◆ Exercise: Word for word, reproduce each line of the data below, omitting every image.

◆ Given data:

================================

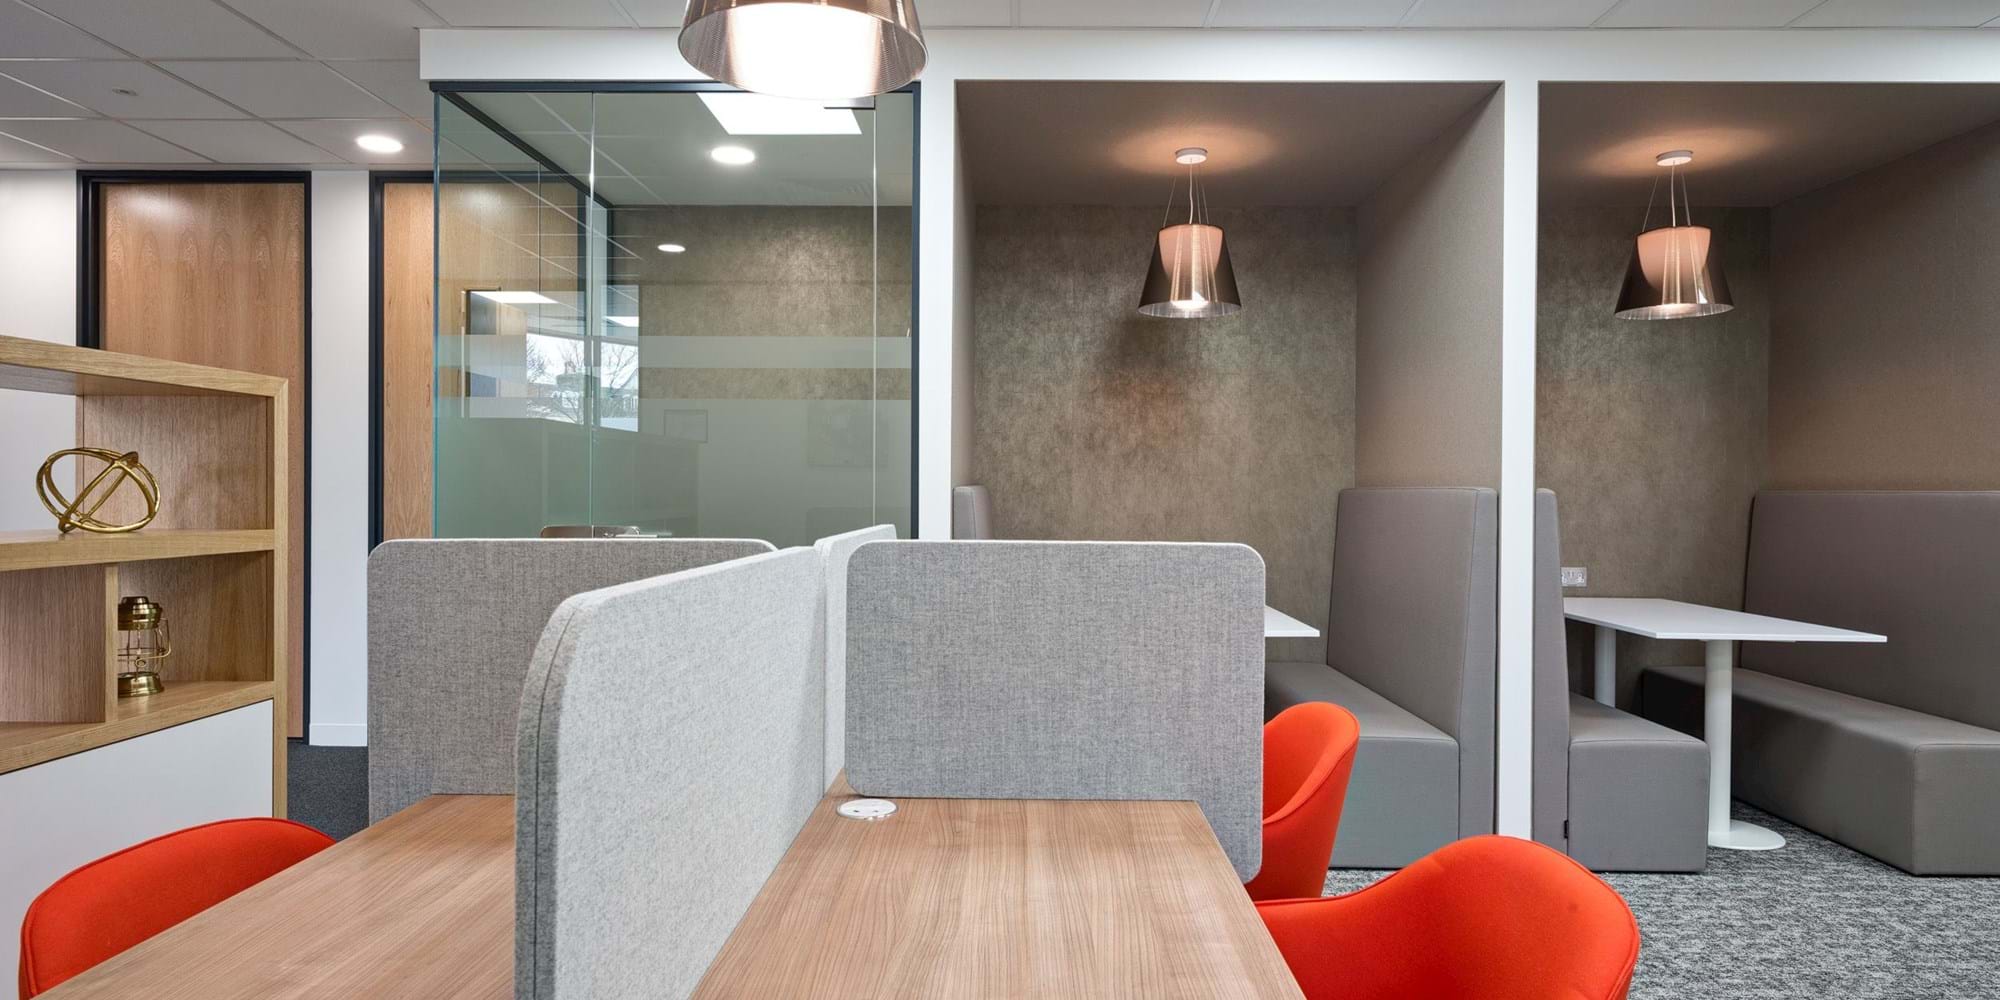 Modus Workspace office design, fit out and refurbishment - Regus Ashford - Regus Ashford 07 highres sRGB.jpg
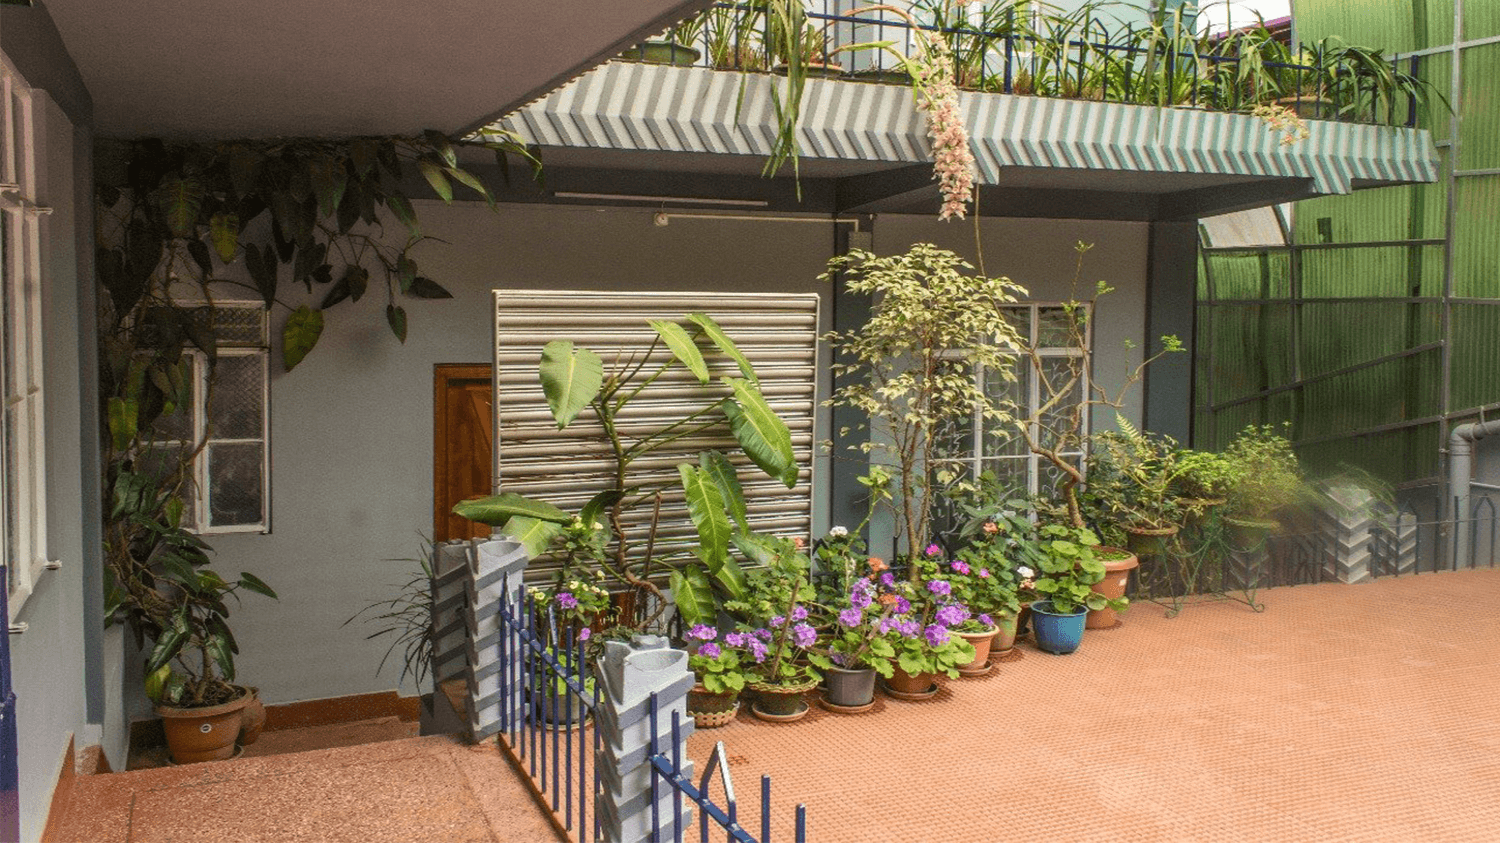 Latei Ville Inn, Shillong, Meghalaya, India
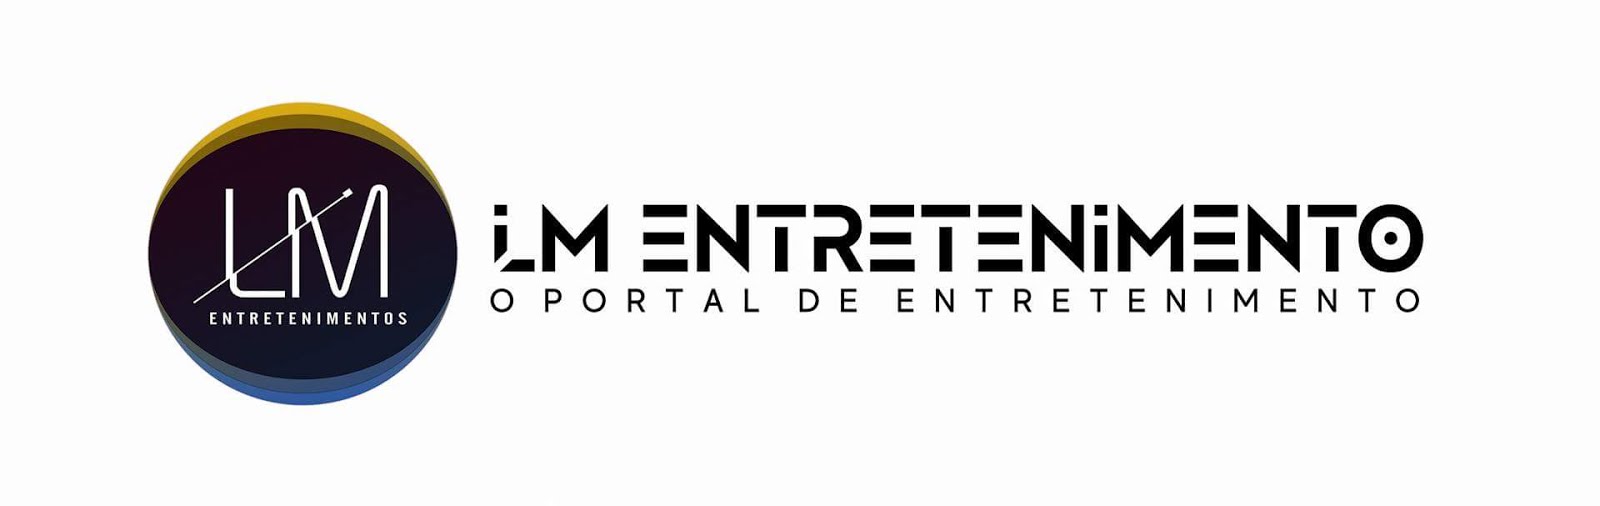 Lm Entretenimento|Portal De Entretenimento

================================

◆ Answer to this problem:
 Modus Workspace office design, fit out and refurbishment - Regus Ashford - Regus Ashford 07 highres sRGB.jpg
 Latei Ville Inn, Shillong, Meghalaya, India
 Lm Entretenimento|Portal De Entretenimento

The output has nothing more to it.